DuoCrypt

Inspiration

As academic students and professionals who have worked with sensitive data in financial institutions, our group has experience leveraging AI models to automate workflows and increase efficiency while working or while studying. However, this often comes at the expense of privacy, as sensitive information is fed into AI systems and stored on their servers as long-term memory. This poses significant risks to data security. With AI increasingly adopted in workplaces for automation, there is a pressing need for a model that can censor personally identifiable information (PII) without altering the core meaning of a document. Such a model would allow AI systems to treat PII as abstract variables, enabling workflow automation without ever accessing the actual sensitive content. While researching, we realised that most existing privacy tools simply redact or mask PII, which makes text unreadable and unusable for downstream AI models. DuoCrypt instead encrypts PIIs, keeping them safe but still structurally present in the text. Since the encrypted tokens are still embedded in the text, AI systems are able to understand the context of the documents and run their system analysis without being “blinded” by redactions.

What it does

Our model encrypts sensitive PII in documents while preserving all non-sensitive content, maintaining readability and context for secure data handling and AI processing.

How we built it

https://huggingface.co/iiiorg/piiranha-v1-detect-personal-information We drew inspiration from an existing model fine-tuned from Microsoft’s DeBERTa model provided on HuggingFace. This particular model has the ability to identify a specific set of PIIs (name, contact number, location etc.), before redacting the said identified PII into specific categories. We decided to enhance the model by creating an encryption feature instead of redacting PIIs. The model identifies and encrypts detected PII using AES-256, converting it into unreadable ciphertext. Authorised users are also able to decrypt the ciphertext and reveal the original PIIs by using the same 32 bit key and 16 bit pseudorandom initialisation vector (IV) used to encrypt the plaintext.

Challenges we ran into

Deciding how to fine tune the model

After deciding on the project and topic, we delved into research about PIIs and uncovered many huggingface models that was already able to detect and mask PIIs. This disheartened us as we felt that what we wanted to create was already created. However, after analysing the project requirements we discovered that we could build on existing models and decided to research about the features we wanted to implement to improve the existing model.

Limited free GPU testing

Google Colab has limited free GPU testing and this made us lose our code several times because we kept getting disconnected. To resolve this, we just kept saving our work and switching Google accounts to access the free runtime to test our code.
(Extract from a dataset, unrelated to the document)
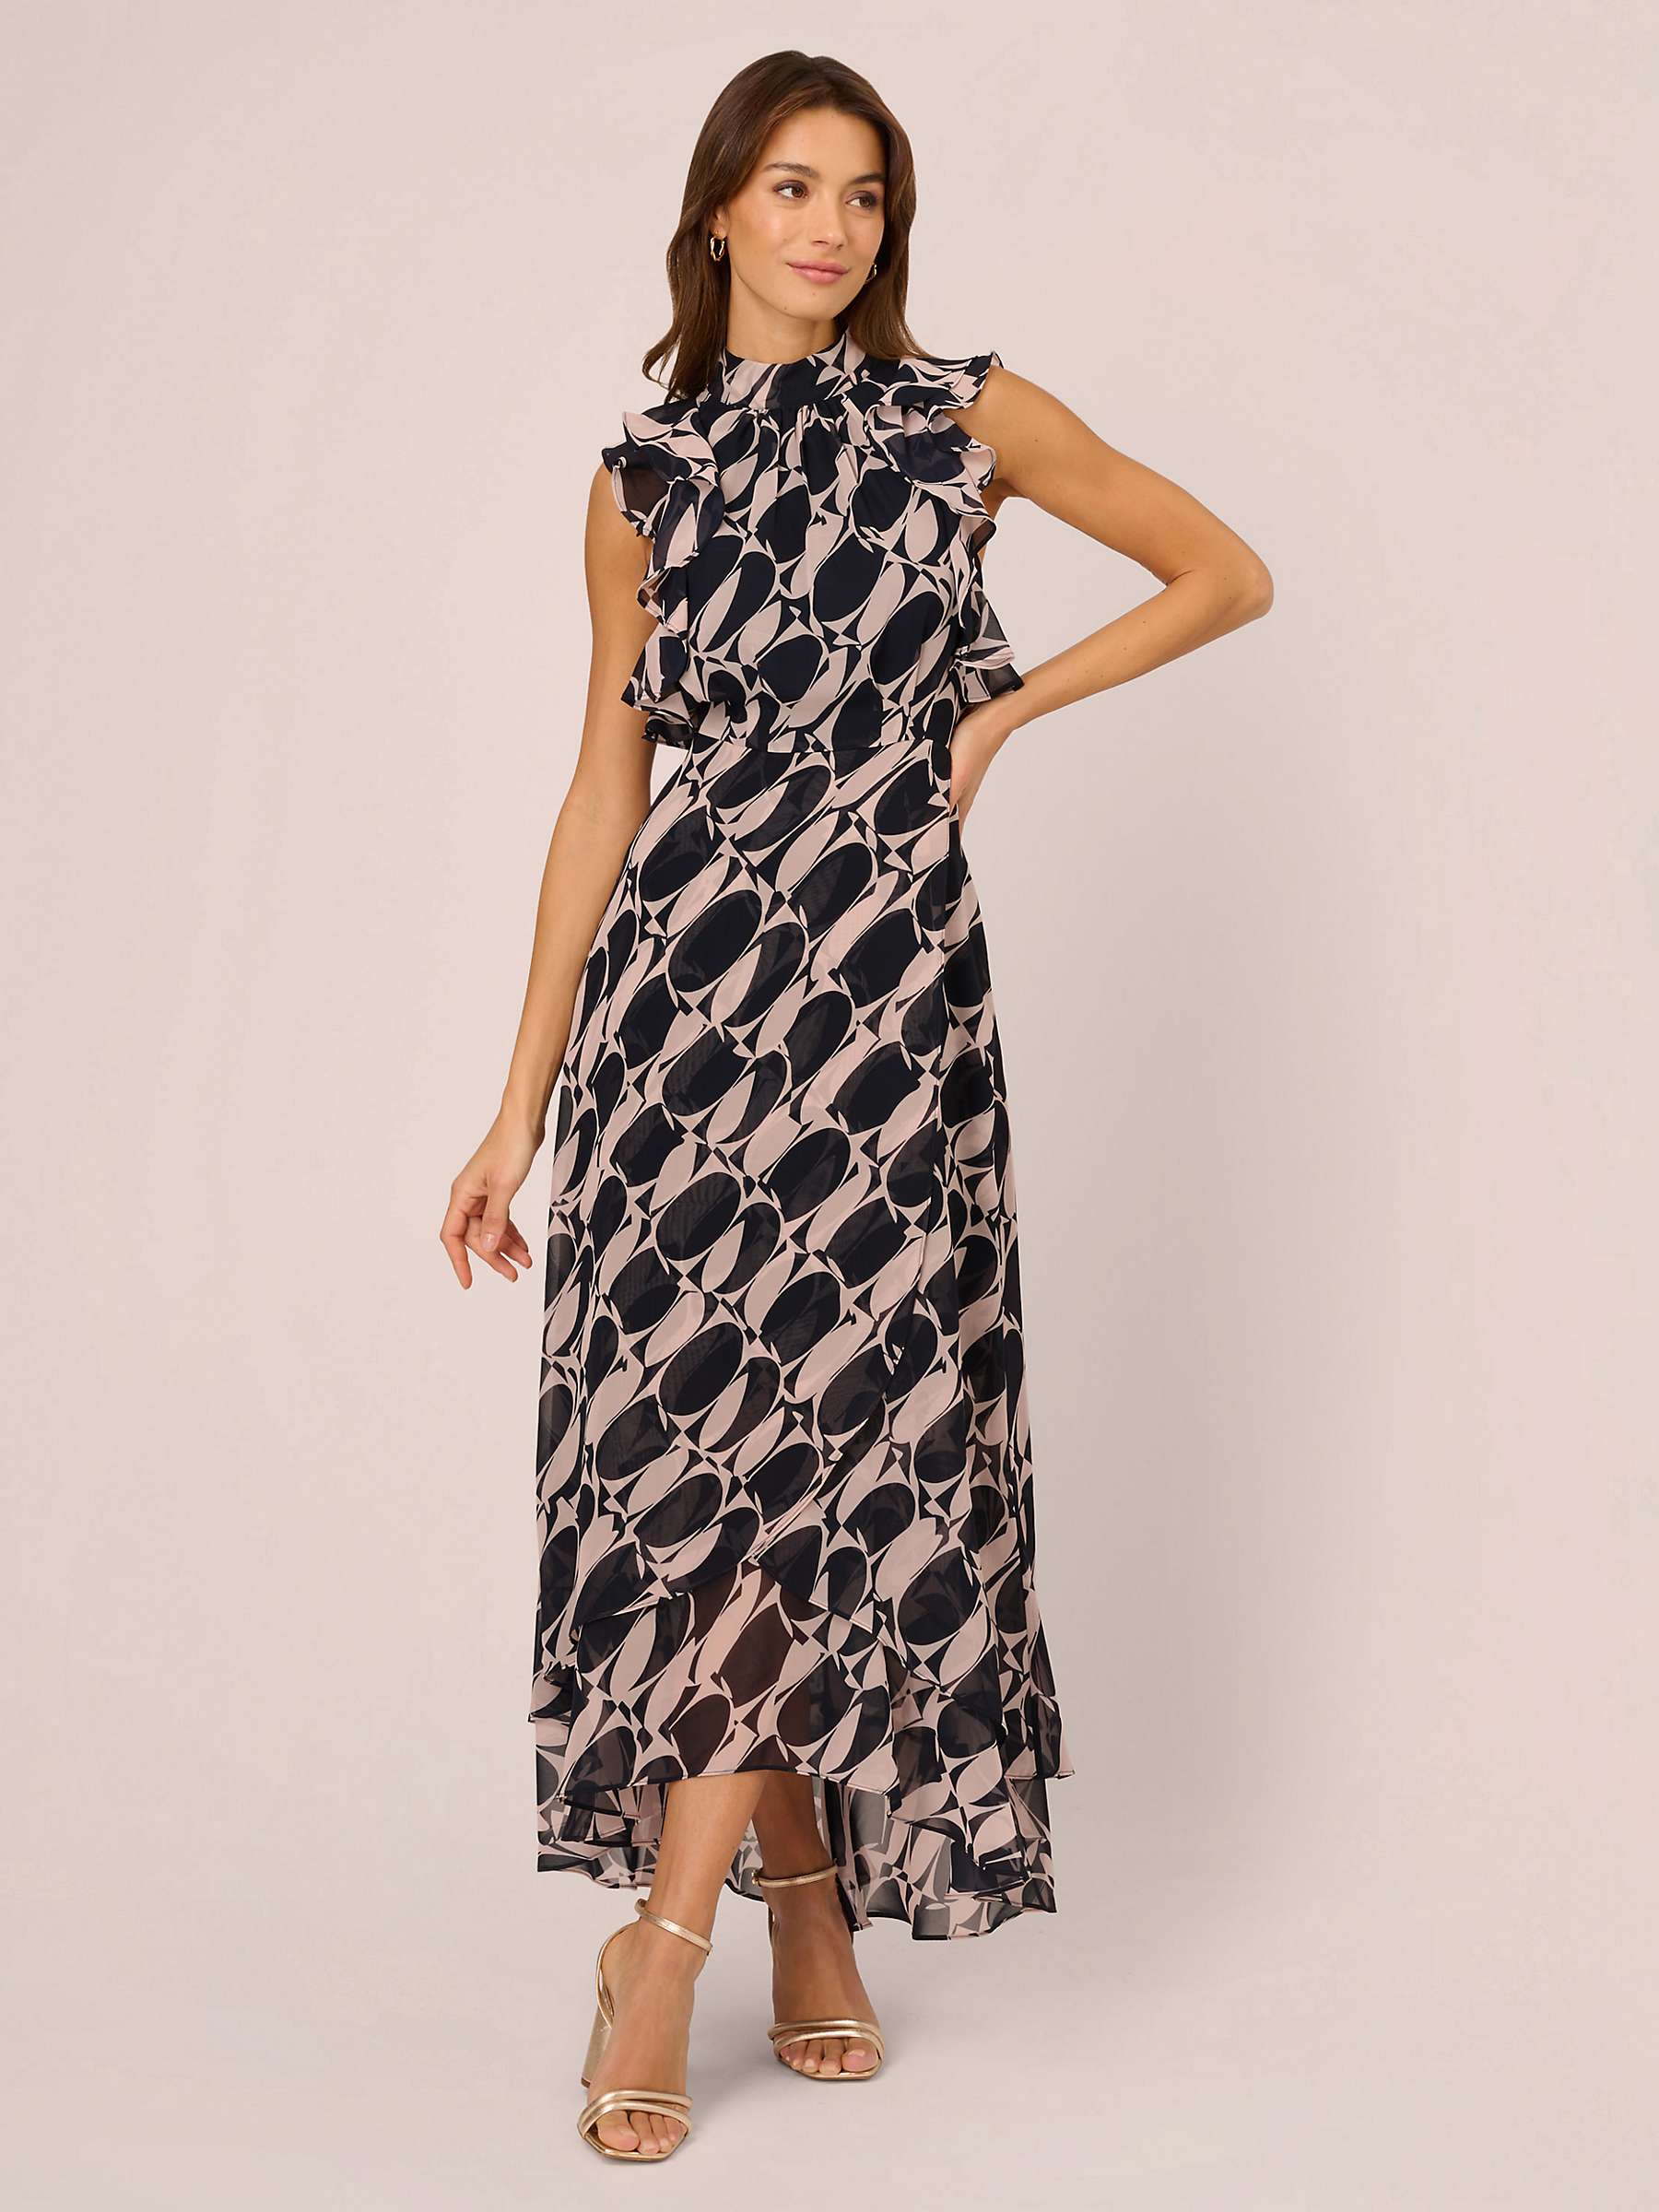 Buy Adrianna Papell Abstract Print Frill Maxi Dress, Navy/Blush Online at johnlewis.com

Accomplishments that we're proud of

Our model has the potential to be picked and used by a wide range of organisations who work with millions of sensitive PIIs ranging from financial groups to even the military who runs AI simulated war gaming to evaluate war tactics. The versatility of DuoCrypt allows for privacy of PIIs while allowing for specific AI models to run its systems.

What we learned

Through our research, we gained a deep understanding of PIIs and its relevance to AI today. PIIs contain sensitive information and our reliance on AI has reinforced the belief that humans are considered the weakest link in security due to human error. On the flipside we were also exposed to the process of how LLMs like OpenAI’s ChatGPT stores our user data/input in its long term memory for personalisation. The long term memory data is stored in OpenAI’s servers and could potentially be vulnerable to attacks such as prompt injection or LLM poisoning. This shows that threats are constantly evolving and that we need to be more vigilant against attacks that make us reveal our data.

What's next for DuoCrypt

We aim to expand the prototype to support customizable PII categories, allowing users to easily choose which data to encrypt. A simple, intuitive UI will empower non-technical users to protect sensitive information without hassle, making privacy accessible to everyone.